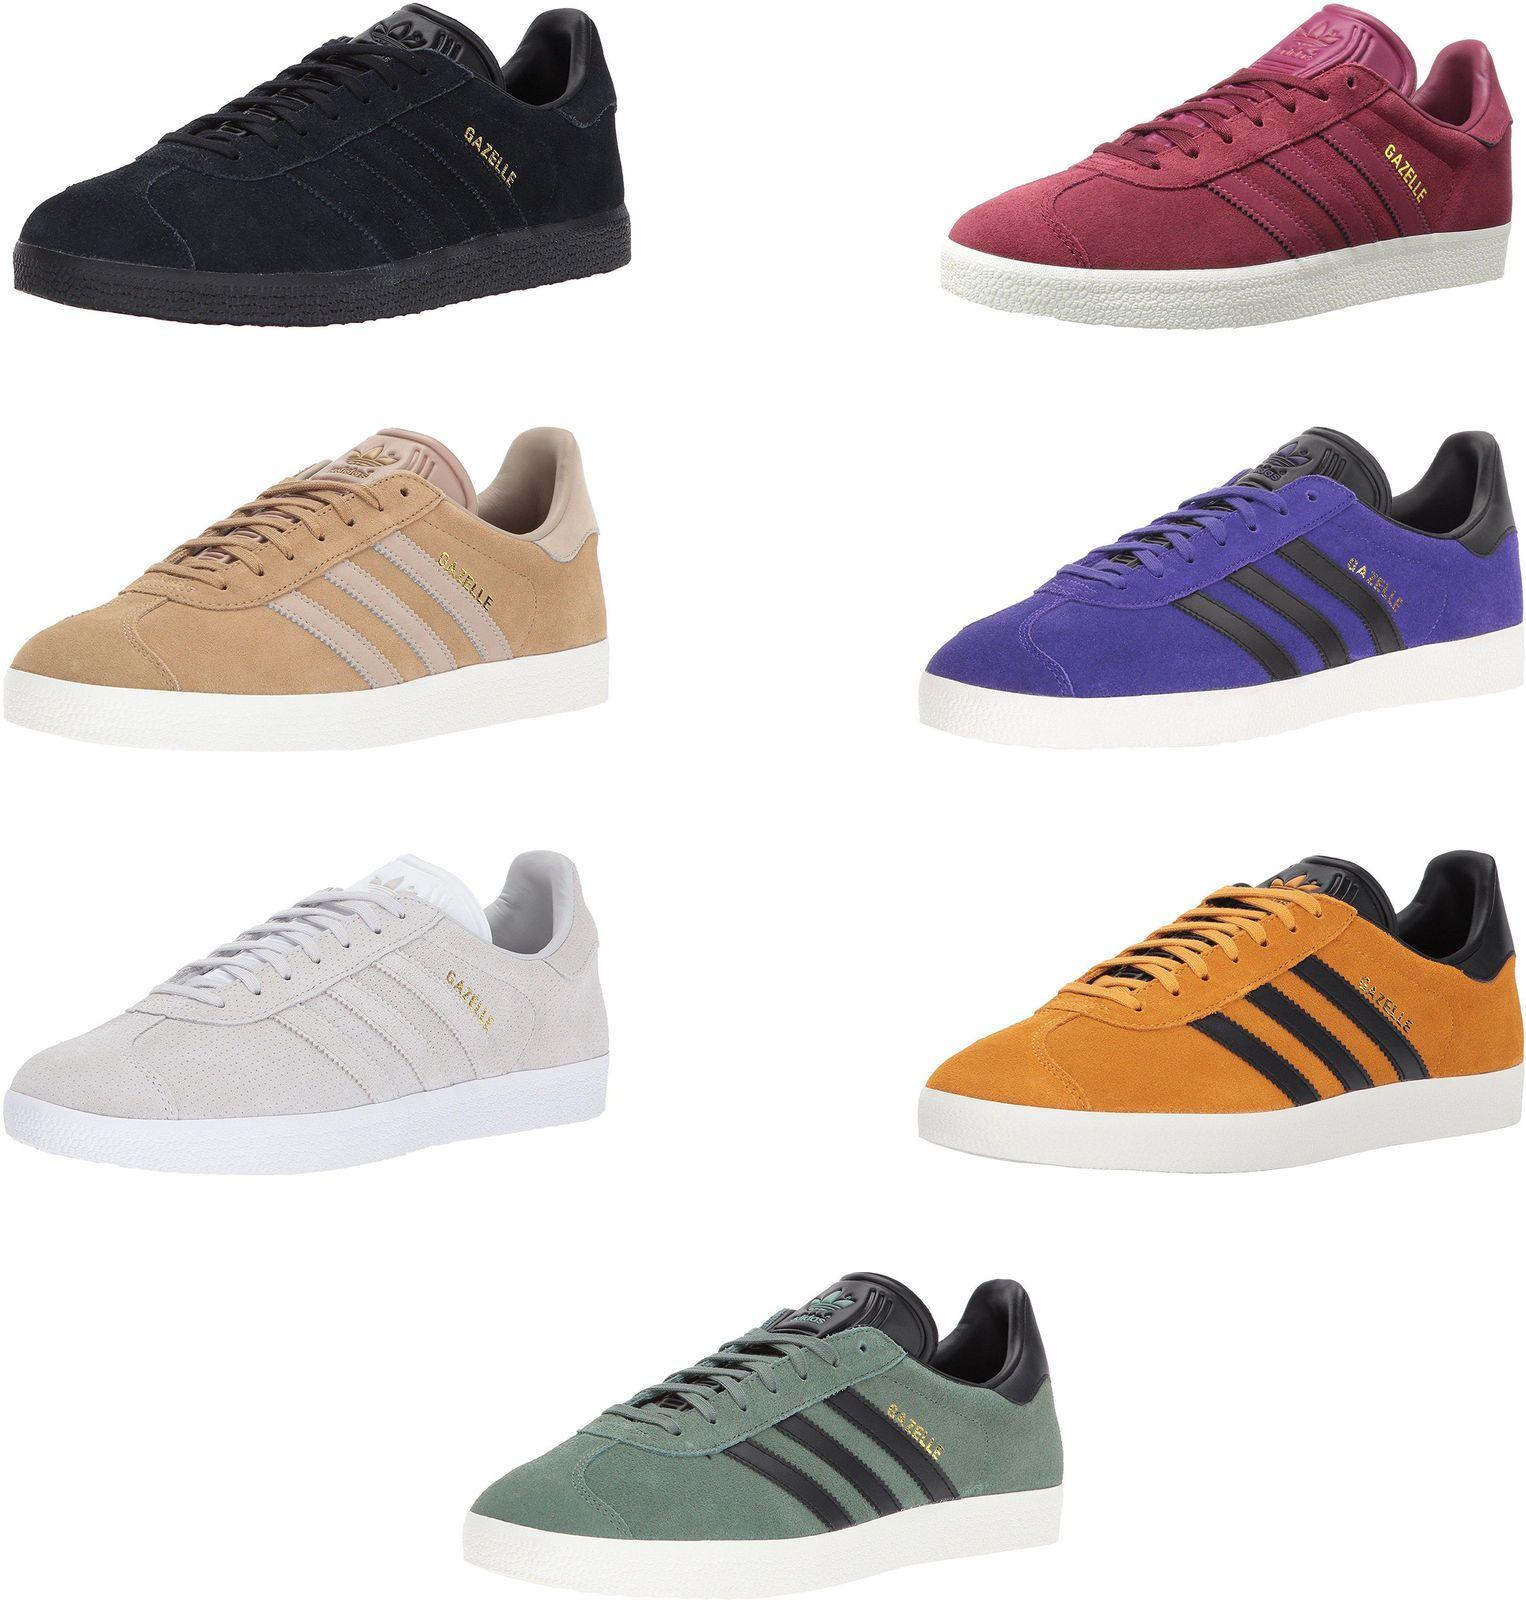 adidas originali mens gazzella scarpe 7 colori spesa riguarda
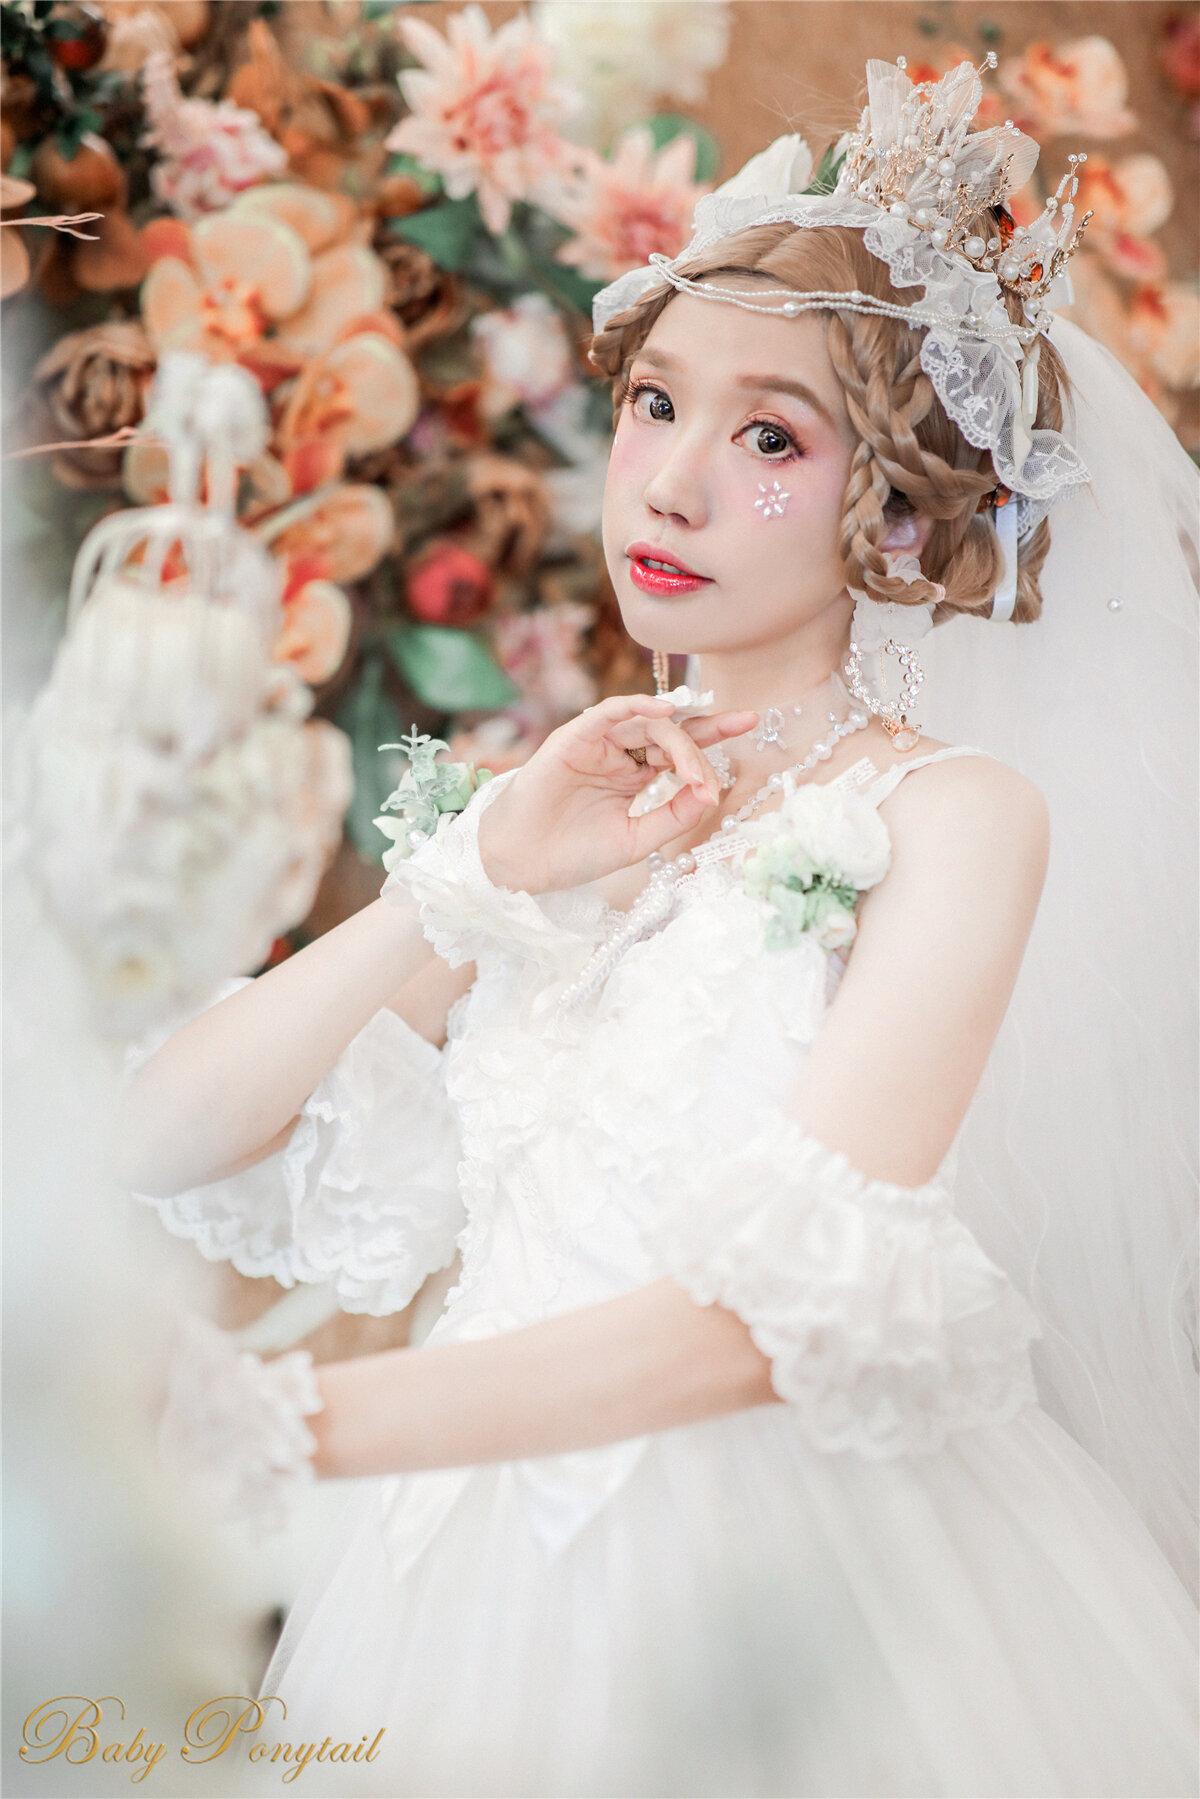 Babyponytail_Heavenly Teardrops_Model photo_JSK white_kaka_27.jpg
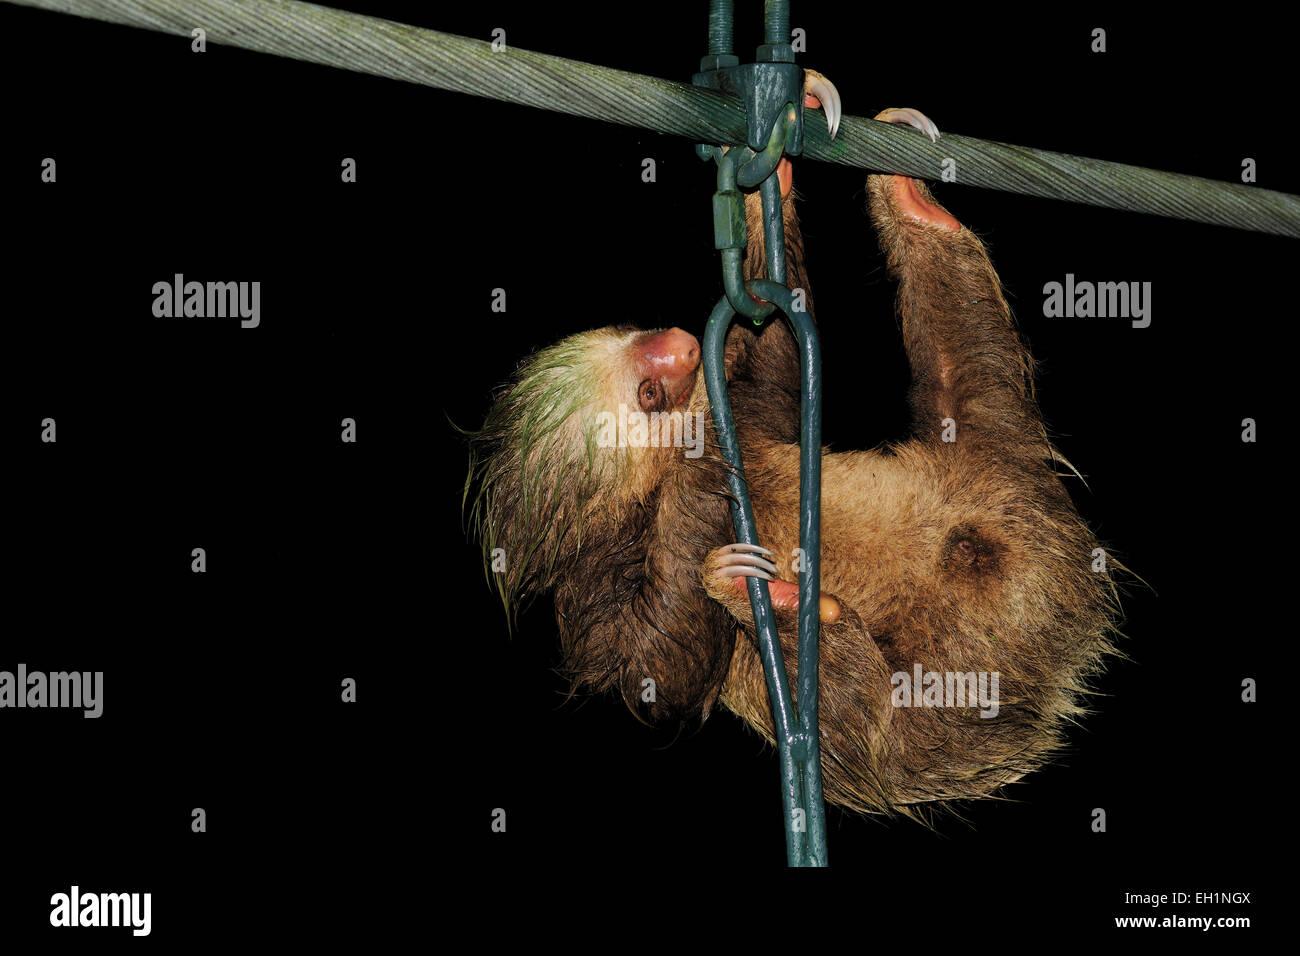 Three-Toed Sloth (Bradypus variegatus) using a bridge to gross a river, La Selva Biological Station, Costa Rica - Stock Image

**Work to complete**
Could you return the listing above exactly, minus its pictures?

**Response**
 adidas originali mens gazzella scarpe 7 colori spesa riguarda
 Babyponytail_Heavenly Teardrops_Model photo_JSK white_kaka_27.jpg
 Three-Toed Sloth (Bradypus variegatus) using a bridge to gross a river, La Selva Biological Station, Costa Rica - Stock Image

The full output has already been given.